Как загрузить внешний набор данных

#python #tensorflow #keras #generative-adversarial-network

#python #тензорный поток #keras #генеративный-состязательный-сетевой

Вопрос:

Как я могу загрузить внешний набор данных вместо mnist?

 # underscore to omit the label arrays
(train_images, train_labels), (_, _) = tf.keras.datasets.mnist.load_data() 

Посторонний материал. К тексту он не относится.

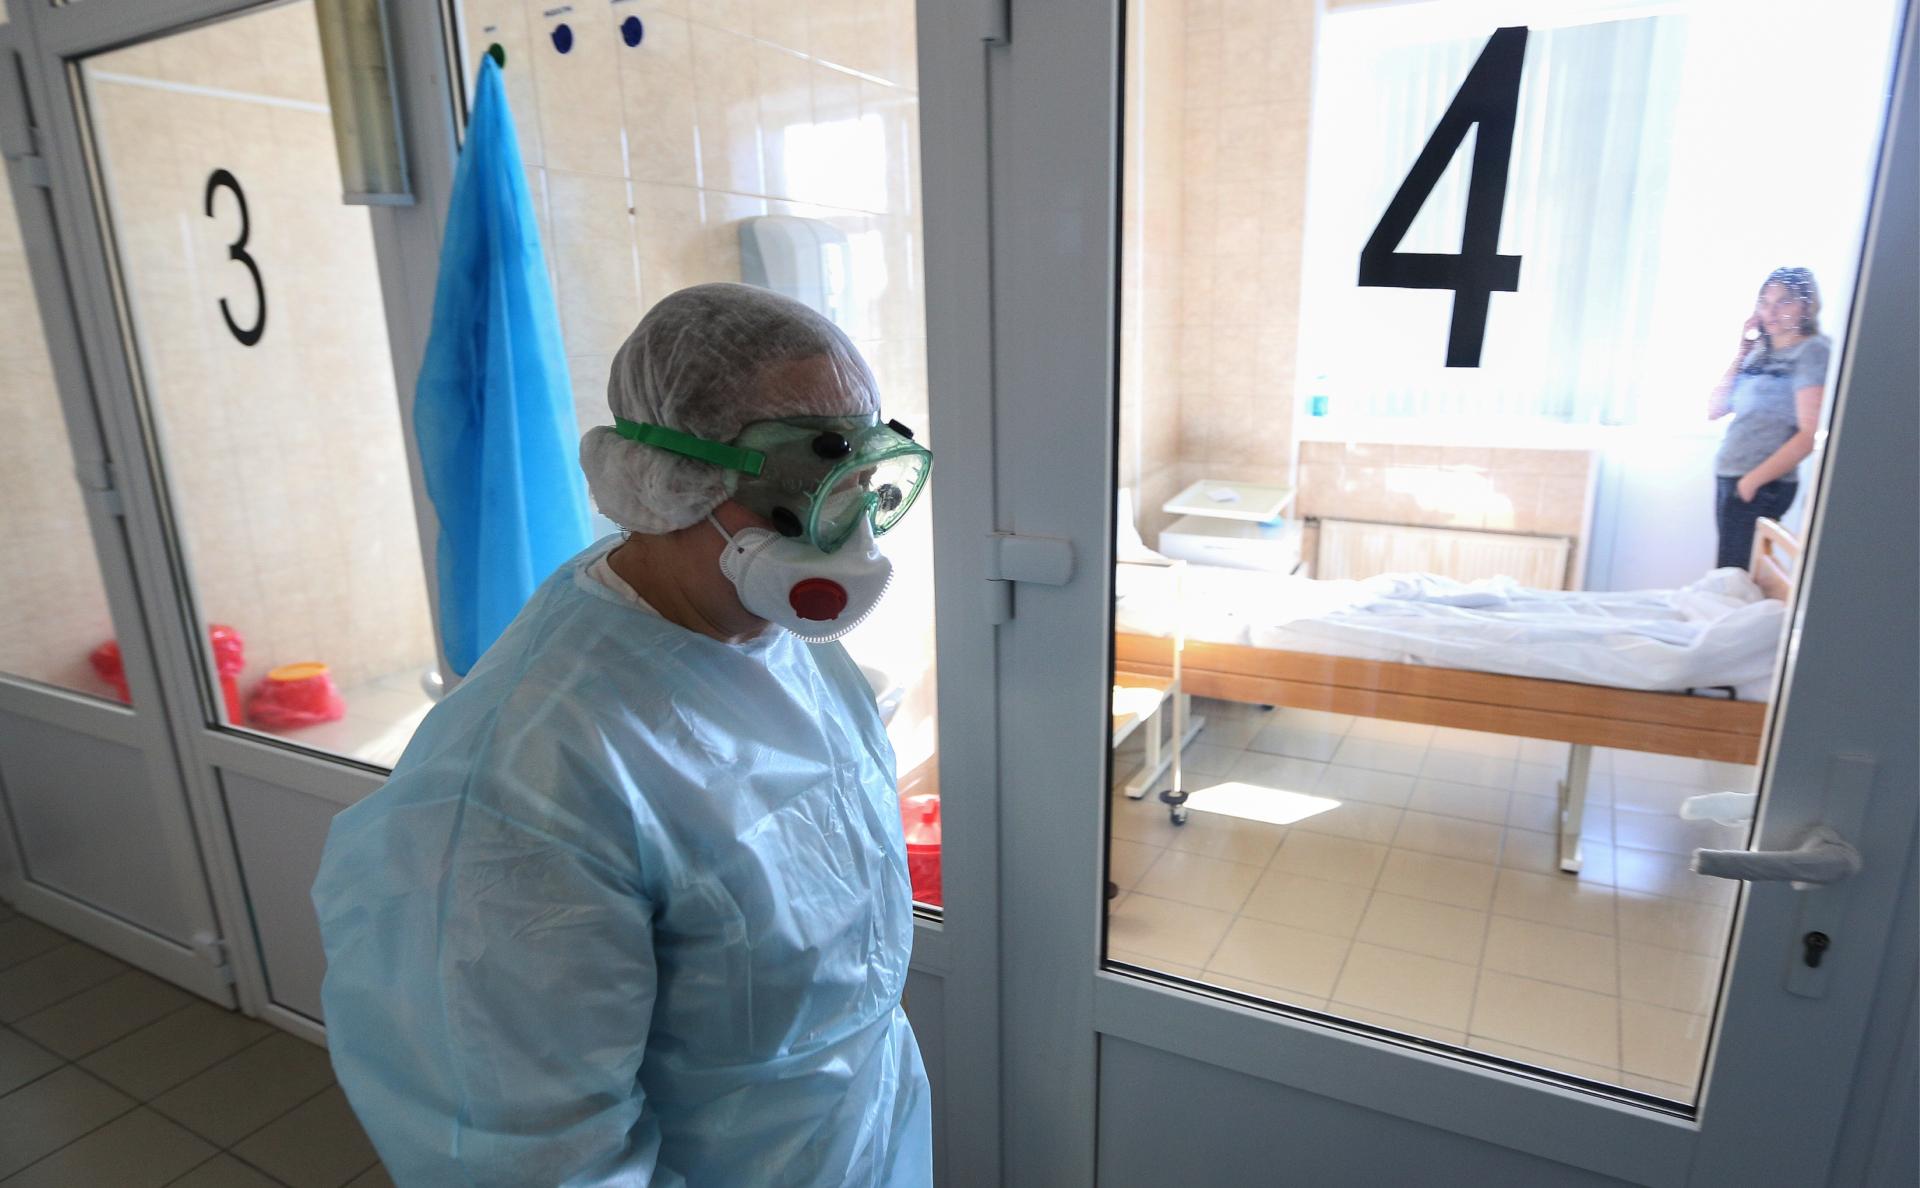 Врач в инфекционном отделении Мурманской областной больницы им. П.А. Баяндина
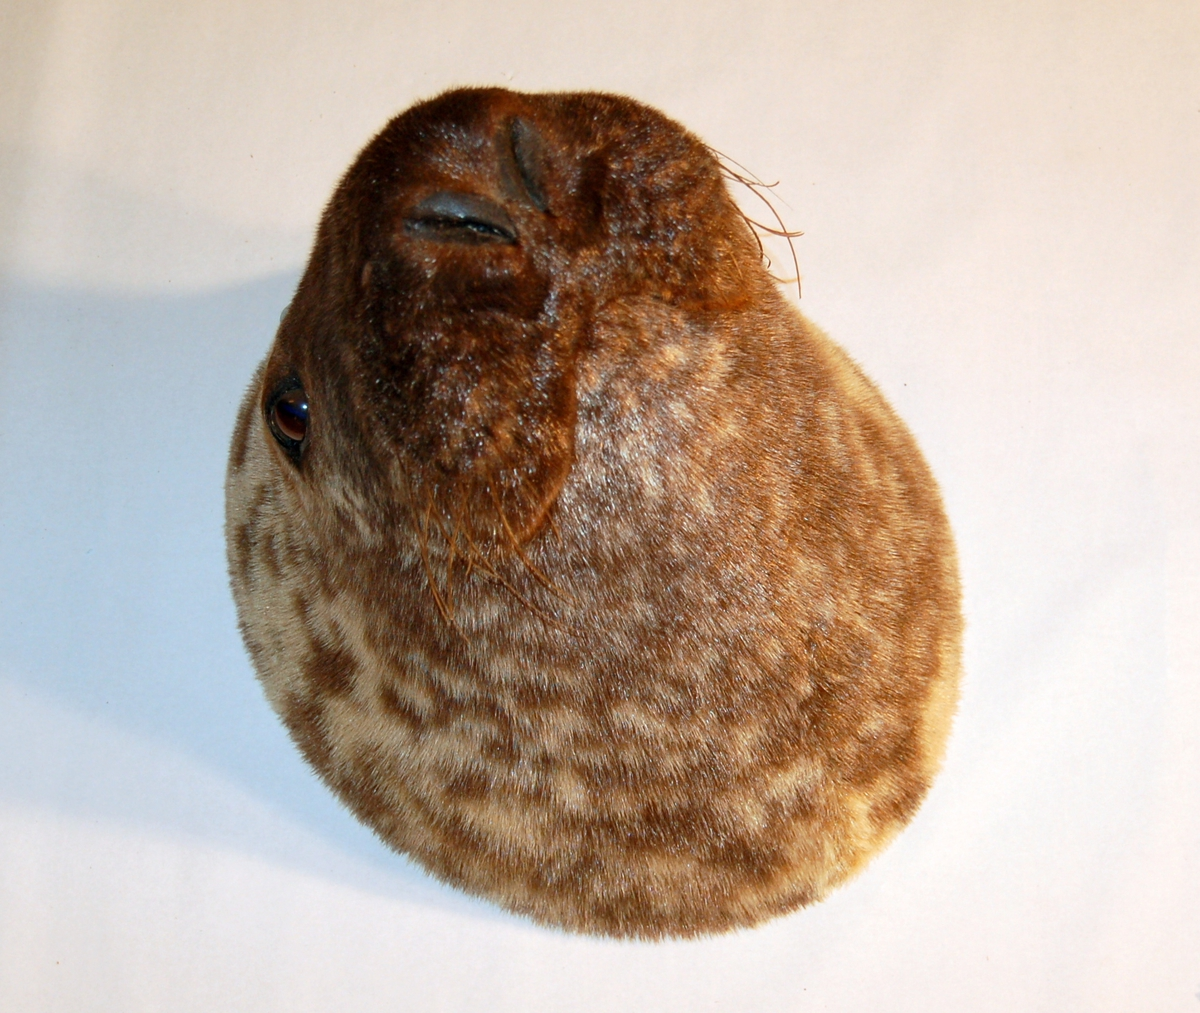 Preparatet er av hode med hals på en Hettekall, (Klappmyssfamilien) kappet fremfor sveivene og montert på en plate av kryssfiner.
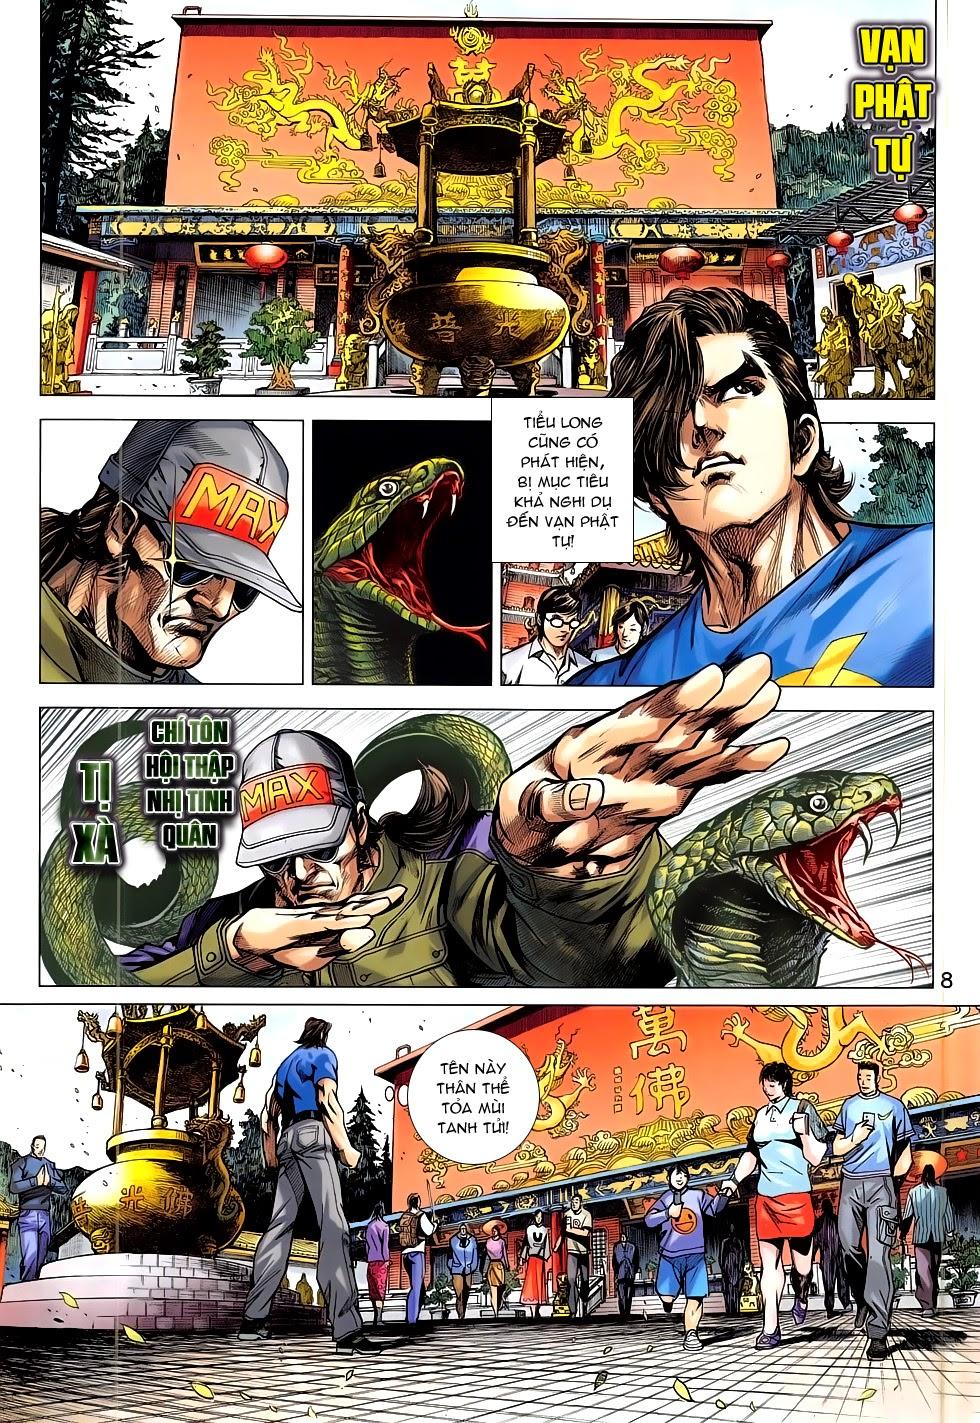 Tân Tác Long Hổ Môn chap 781 Trang 8 - Mangak.info

train_images = train_images.reshape(train_images.shape[0], 28, 28, 1).astype('float32')
train_images = (train_images - 127.5) / 127.5 # Normalize the images to [-1, 1]

BUFFER_SIZE = 60000
BATCH_SIZE = 256

# Batch and shuffle the data
train_dataset = tf.data.Dataset.from_tensor_slices(train_images).shuffle(BUFFER_SIZE).batch(BATCH_SIZE)
 

Я пробовал flow_from_directory «(train_images, _) = train_generator», но не могу извлечь значения изображения в виде приведенного выше кода

 train_image_generator = ImageDataGenerator(
                                            rescale=1./255)
                                            #rotation_range=10,  
                                            #zoom_range = 0.10,  
                                            #width_shift_range=0.1, 
                                            #height_shift_range=0.1 


train_generator = train_image_generator.flow_from_directory(
                                                    batch_size=256,
                                                    color_mode="grayscale",
                                                    directory='../input/main-dataset110/Train',
                                                    shuffle=True, 
                                                    target_size=(28, 28), 
                                                    class_mode='sparse')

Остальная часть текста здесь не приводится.